In a few short pages, these college reviews claim to offer definitive information about each school’s academics, housing, food, and campus culture. As I marked the end of my first month at college, I asked myself, “Did Wesleyan really live up to what everyone and everything said it would be?”

I surveyed my fellow students, showing people various college reviews and asking them their opinions on Princeton Review’s ranking of Wesleyan at number 13 on its list of “Birkenstock-Wearing, Tree-Hugging, Clove-Smoking Vegetarians,” or on the C+ College Prowler gave us for the attractiveness of the girls and guys on campus.

Some students focused on the attractiveness ratings.

“The book says that Wesleyan girls are ‘unshaven and unwashed,’ and that is a little bit of a hyperbolized reputation,” said Benjamin Firn ’14. “I don’t think they deserve a C+; I think a B is more appropriate.”

While some students are more forgiving on this particular point, they noted that the College Prowler book does not present an accurate picture of the University.

“This book is not representative of the average Wesleyan student,” said Molly Stern ’14.

Another consistent student response was that of apathy rather than either agreement or dissent.

“You know, I don’t really care as much as I did way back when,” said Jason Brandner ’16. “It doesn’t really matter, since I’m already here. I made my decision and I have no intentions of changing [it].”

Other freshmen agreed and didn’t express strong feelings about external perceptions of Wesleyan.

“I mean I guess it makes sense,” said Sarah McCully ’16, in response to the ratings proclaiming the University as a hippie school. “But I don’t know. I figure that Wesleyan is less of the Birkenstocks and more of the Sperrys. It doesn’t really fit one description. It’s unique in its own way.”

I related to this sense of apathy. While I read the websites and the books, I couldn’t help but feel any overwhelming sense of “so what?” Did it really matter that Princeton Review called the University “dynamic” with a “high level of intellectual curiosity?” After all, doesn’t every other college and university claim the same thing?

“Look, I honestly just opened my computer one day and went, ‘What is this school Ted and Marshall went to?’” admitted Jack Spira ’16. “And now, I’m here. I didn’t really seek Wesleyan because people were claiming that it had great food or the median SAT scores were impressive.”

In my experience, the college selection process was so much more than statistics—campus visits and vibe held more weight in my mind. I remember my mother dismissing Wesleyan after the first of many visits.

“Oh, of course you would like Wesleyan,” she sniffed disapprovingly. “Them and all their bohemian-liberal stuff.”

Yes, mom. All of them and their bohemian-liberal stuff. But that wasn’t what really intrigued me about the school. I just stepped on campus and fell in love. There was this instant spark. I just knew that I wanted to be here for the next four years of my life.

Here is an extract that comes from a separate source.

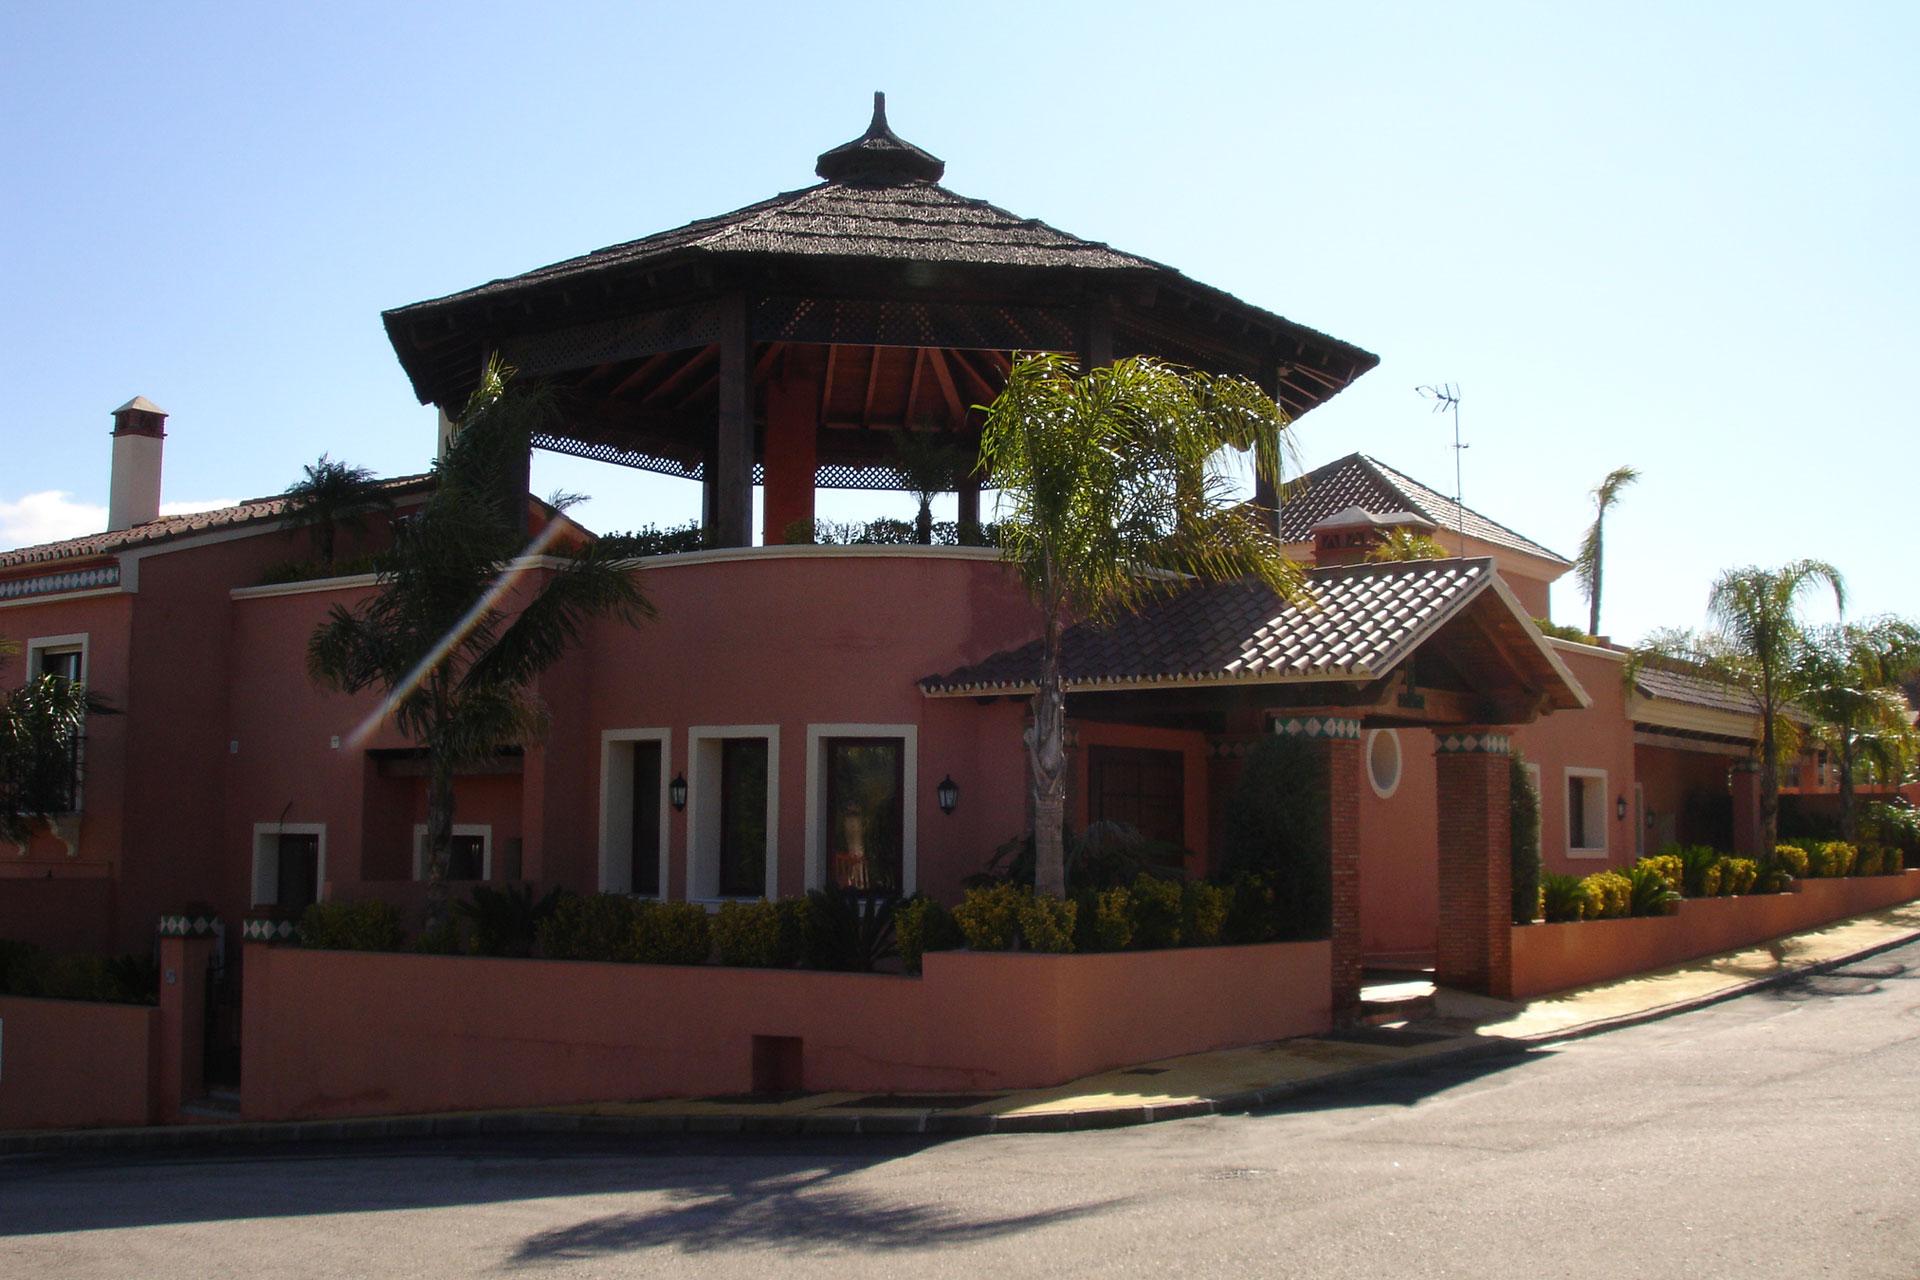 Business location for Restaurant, Urb. Los Nebrales

Each book tried to portray the school with an objective hand, asking actual students to write their own feelings or opinions about the campus housing, academics, and student life. However, each student’s perspective is different, making it impossible to actually pinpoint what Wesleyan is. Similarly, prefrosh will never get the true feel of Wesleyan until they actually come and live on campus. Everything needs to be discovered and personally experienced. There is no way to describe a constantly moving, constantly active body of students without leaving out the best and worst details. If anything, each description gives only the lightest of overviews.

“Wesleyan is the best-leyan,” said Wayne Ng ’16. “And that sentiment is the only one that I can whole-heartedly agree with.”